Other reviewers noted that the upgrade in quality was real and visible. PCWorld, eesel AI, and Cybernews all ran comparative tests against the original Nano Banana, GPT Image 1, and FLUX.2, and generally found that Nano Banana Pro produced the cleanest results for text-heavy generation tasks and for edits that required preserving multiple subjects.
Within the broader Google ecosystem, the integration was the more important story. Nano Banana Pro shipped simultaneously across the Gemini app, NotebookLM, Workspace (Slides and Vids), Search AI Mode, Mixboard, Flow, Google Ads, and the developer surfaces (Gemini API, Vertex AI, AI Studio, Antigravity, Firebase, Stitch). That depth of distribution meant the model reached millions of users within days rather than waiting for individual product teams to wire it in over months. Adobe also announced an integration with Firefly and Photoshop on November 20, 2025, which gave Nano Banana Pro a direct path into professional creative workflows outside of Google's own surfaces.

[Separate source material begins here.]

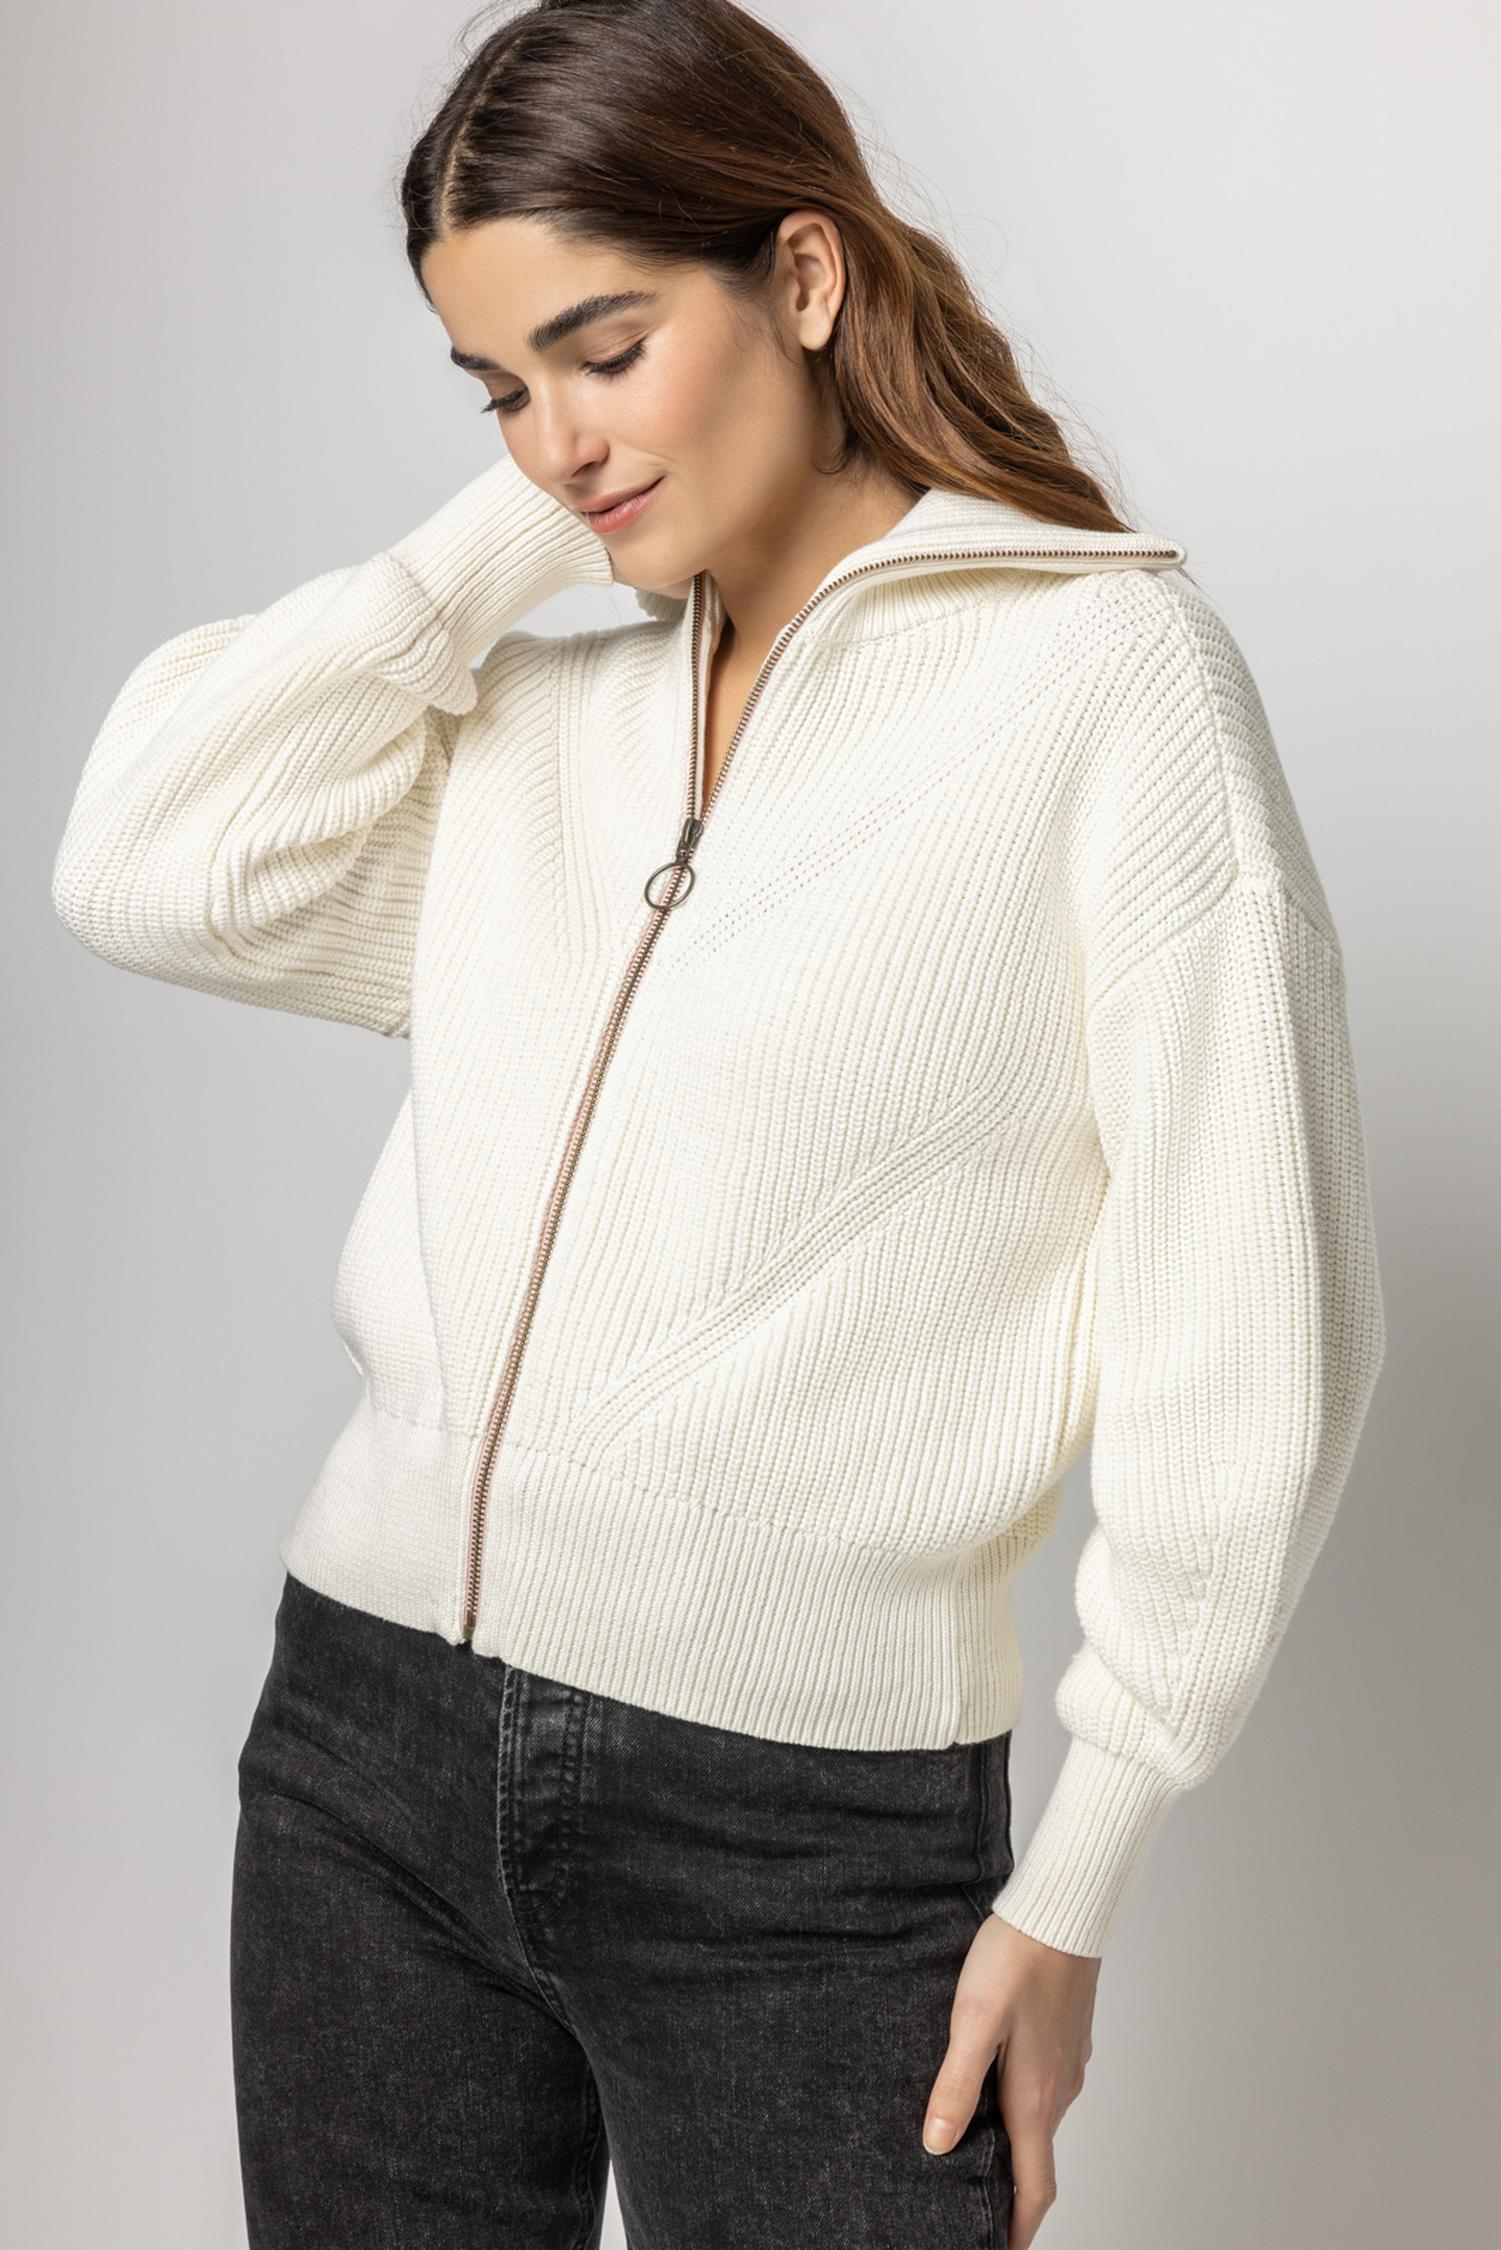 Zip Front Cardigan by Lilla P

The original Nano Banana stayed available alongside the Pro version for cheap and fast edits. That dual-track approach mirrors how Google handles its Gemini text models, where Flash and Pro variants coexist with different cost and capability trade-offs. For most consumer cases, the original Nano Banana is the daily driver; Pro is reserved for higher-stakes work that needs the resolution, the text, or the reasoning.